Aplaudidas
por todos y de bajo coste económico. Aunque normalmente son de carne, la sabiduría
popular ha sabido aprovechar sus ventajas para elaborarlas también de pescado, sobre todo, en aquellas
zonas donde éste era abundante y había que darle una vuelta de tuerca para no
cansar a los comensales, como en el caso de los boquerones o sardinas; o en
vigilia, con las de bacalao, como sustitutivo del prohibido ingrediente
cárnico.
Ingredientes:
400 grs. Carne de ternera picada
100 grs. Bacon picado
2 Cebollas grandes
1 Huevo
1 Vaso grande de caldo de carne
Leche
Miga de pan
Harina
Sal
Pimienta
Aceite de oliva virgen extra
2 Patatas rojas
1/4 Coliflor
1 Cucharada de mantequilla
Preparación:
Se mezclan las
carnes con la miga de pan mojada en leche, el huevo, sal y pimienta. Se ligan bien
todos los ingredientes y se van formando las albóndigas del tamaño que más
guste. Se pasan por harina, y se fríen en abundante aceite. Se reservan.
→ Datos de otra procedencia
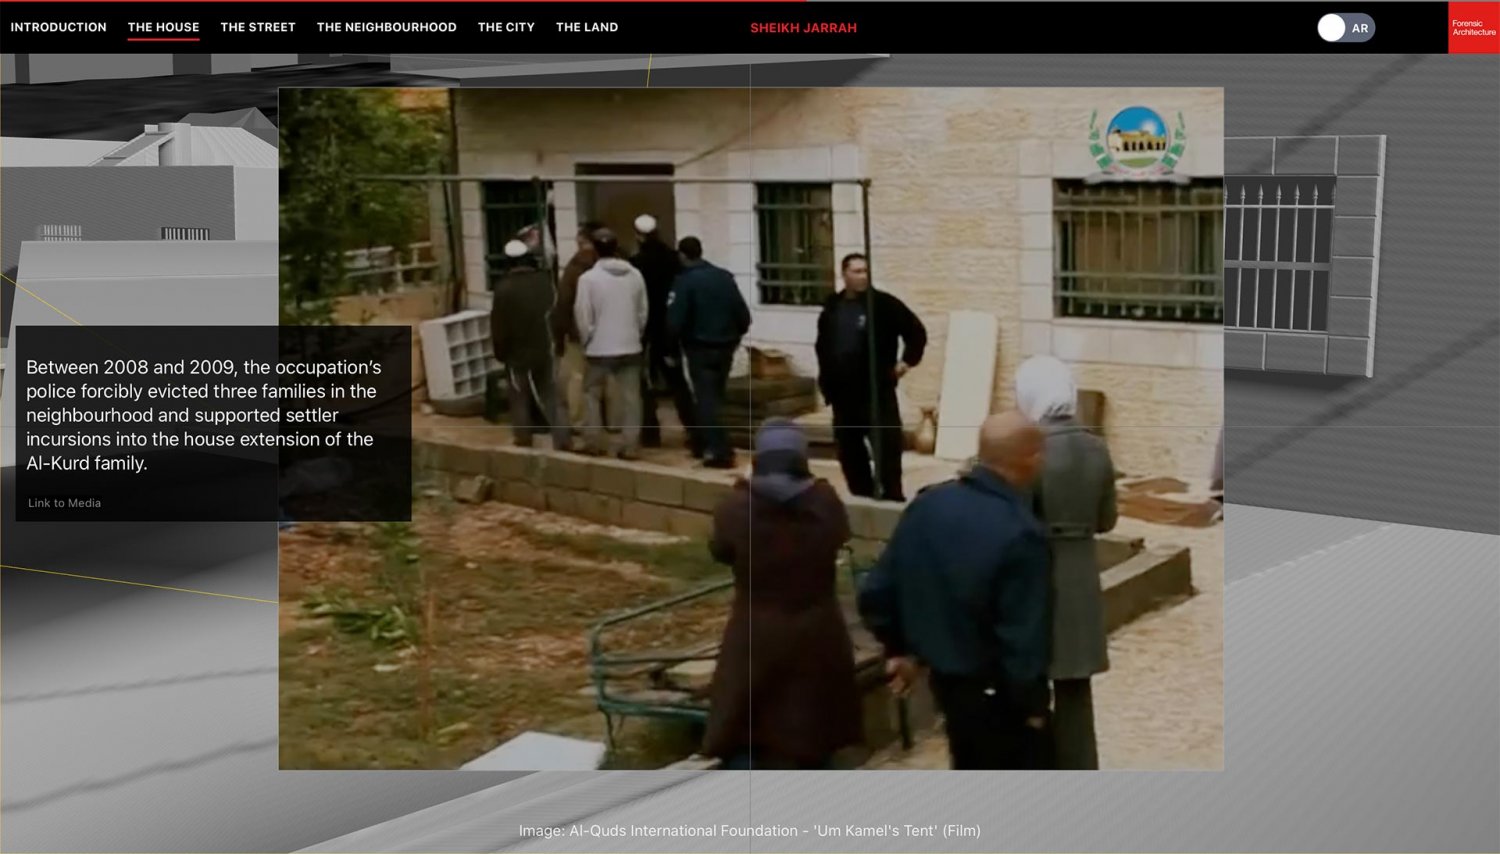 Screenshot from the Forensic Architecture interactive platform

Para hacer la salsa de cebolla, se pican éstas finamente
y se ponen en una cacerola con un chorrito de aceite. Se añade un poco de sal y
se pocha a fuego lento, para que la cebolla vaya caramelizando en su propio
jugo, hasta que está ligeramente dorada. Se agrega entonces el caldo de carne y
se deja reducir a fuego medio. Se introducen las albóndigas fritas y se cuecen
despacio unos 10 minutos.
Para el puré, se pelan y cortan las patatas chascándolas
como para guisar y se ponen junto a los ramilletes de coliflor en una olla con
agua suficiente para cubrirlos. Se condimenta con sal y pimienta y se deja
hervir hasta que todos los trozos están tiernos. Si ha quedado mucho líquido de
la cocción, se saca una parte y se reserva por si hay que añadirlo al hacer el
puré. Se ponen las patatas y la coliflor en el vaso de la batidora con una
cucharada de mantequilla y se tritura.
Para emplatar, se
puede poner el puré en la base y, sobre éste, las albóndigas con un poco de
salsa.
Consejos:
Lo ideal es que el carnicero pique la carne de ternera y
el bacon por la máquina, para que las carnes queden homogéneas. También se
puede sustituir éste por panceta, magro
de cerdo o jamón serrano.
Si no se dispone de caldo de carne, recomiendo recurrir a
los caldos precocinados o, en todo caso, al Bovril. No soy amiga de las
pastillas, me producen jaquecas.
En cuanto al puré, tras comprarme un pasapurés y un
artilugio para aplastar las patatas manualmente, he llegado a la
conclusión, de que la batidora deja una consistencia
tan fina que es mi opción. El artilugio manual lo uso para aplastar las
hamburguesas en la plancha. Algún uso debía darle.